Thursday, September 15, 2011

Greek recession? What a surprise!!!

It is almost mind-boggling to hear these surprise announcements that recession in Greece is higher than expected and that it will continue for longer than expected! Aren’t there sensible people left, in Greece as well as at EU-levels, who remember what they learned in Economics 101???

From 2001-10, Greece’s imports were 446 billion EUR and exports were only 146 billion EUR. The current account deficit during this period was 199 billion EUR. This “party of the Greek economy” was financed through external debt (which increased by 288 billion EUR during this time).

When you have a go-go period where the go-go is so obviously financed by external debt, it is the most natural thing in the world that the go-go period is over the moment external debt no longer flows voluntarily! 

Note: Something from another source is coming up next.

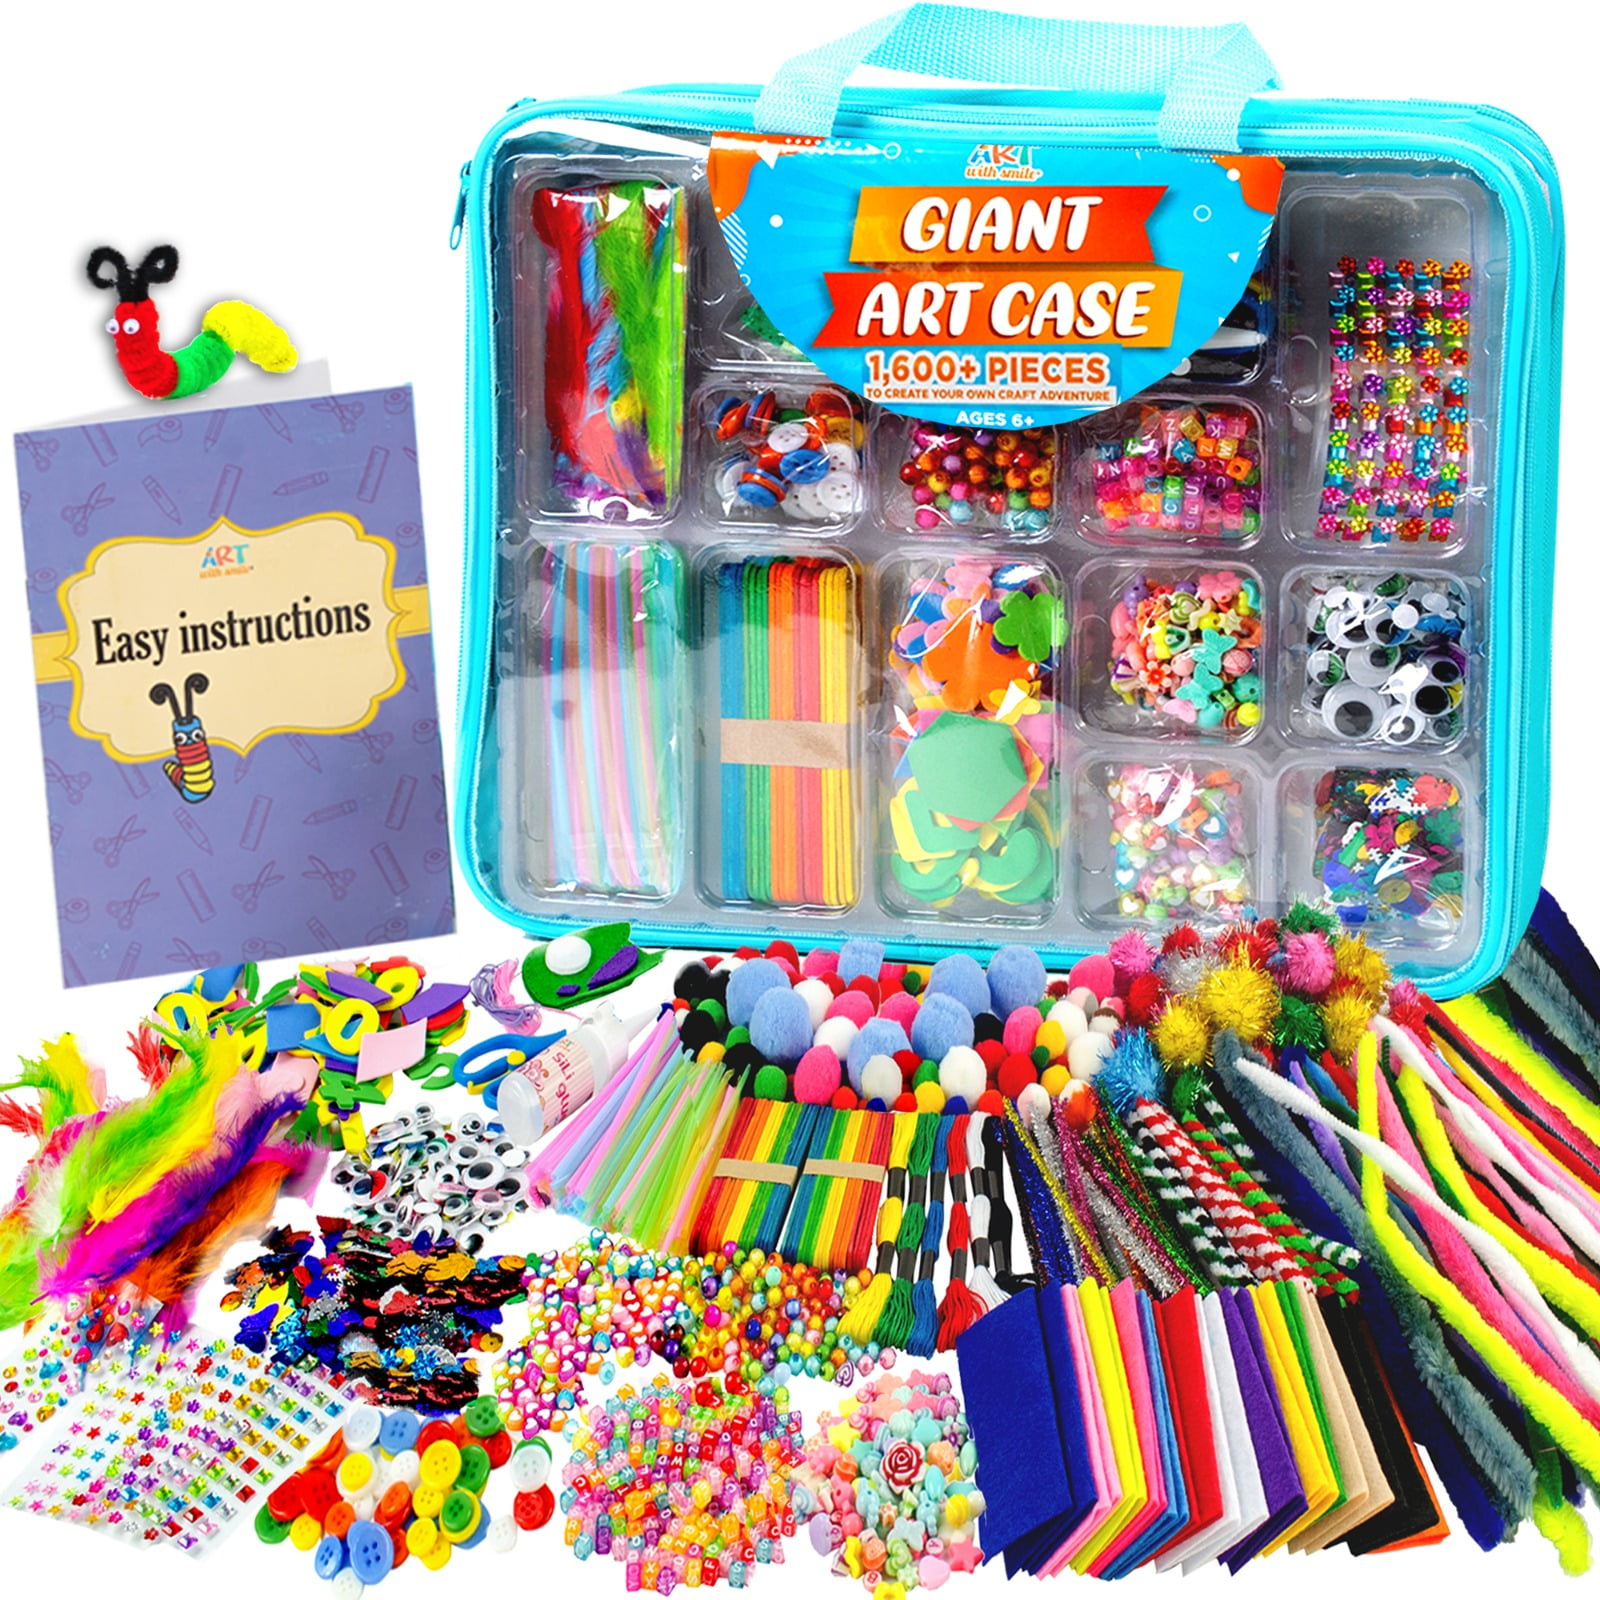 Pearoft Crafts for Kids Age 4-6, 6-8, 8-12 Arts and Crafts Supplies for Kids  Craft Kits for Kids with Construction Paper & Craft Tools, DIY School Craft  Project, 3 4 5 6 7 8 9 Year Old Girls Gifts,

Remember the following: while Greece has become significantly more expensive relative to Germany during the last 10 years, the Greek Euro maintained the same international purchasing power as the German Euro. Thus, Greeks were better off buying products and services abroad than domestically. This is why the Greek economy, today, has become a zombie-economy.

You don’t believe this? Well, take note of the fact that Greece imported even olive oil during 2010! Why? The General Confederation of Greek Agrarian Association said the reason for the high level of imports was that domestic olive oil production has slumped below demand due to the drop in price.  

How could that happen? Very easily, because foreign olive oil became cheaper than Greek olive oil.

Unless the zombie-economy can be converted into a real economy, Greece has absolutely no chance! 

Intellectuals may argue about this, that and the other but the simple mathematic fact is that Greeks will become about 30-40% poorer unless they start generating some value on their own (instead of importing value).

If Greeks want to be driven by proud emotions and revert to slogans like “we don’t need the Euro; it has only brought us bad luck; let’s get out of it!”, well, these Greeks should ponder the following:

A Euro-exit would devalue domestic Greek financial assets (savings!) overnight by 30-40% in terms of foreign currency. If you were planning a trip to, say, Germany, that trip will cost 30-40% more overnight. If you were proud to have saved 100,000 Euro in your bank account, those savings will overnight be worth only 60,000 Euro or so.

If you were used to buying imported goods at cheap prices, forget it! You may no longer be able to import them at all, but if you can, they will cost you a fortune.

The good news would be that the government no longer has cash flow problems. They could pay all their domestic bills (salaries, social transfers, etc.) on time by printing more of the new local currency. Just wait to see what impact that will have on domestic inflation (and on the future value of your own net worth!).

What is the lesson of all of this? It is: START MANUFACTURING!!! Start manufacturing many of those products which you are presently importing!!! Imports are equivalent to the export of jobs. If you import less, you have more domestic jobs. More jobs which will generate tax revenue for the government and more manufacturing businesses will generate more corporate taxes for the government.

How can you accomplish that? Well, just tell your government that they should explain to you what needs to be done. They will probably tell you that imports will have to be reigned in through special taxes on imports and domestic production (for the substitution of those imports) will have to be incentivated by a new Investment Law which assures investors that their investment has high security and good profit potential. And since no one in Greece will believe that the government will honor such a law, the government should ask the EU to guarantee compliance with it. Once that is in place, investors won’t have to be begged to invest. Instead, they will do that at their own initiative!

And you will live happily ever thereafter!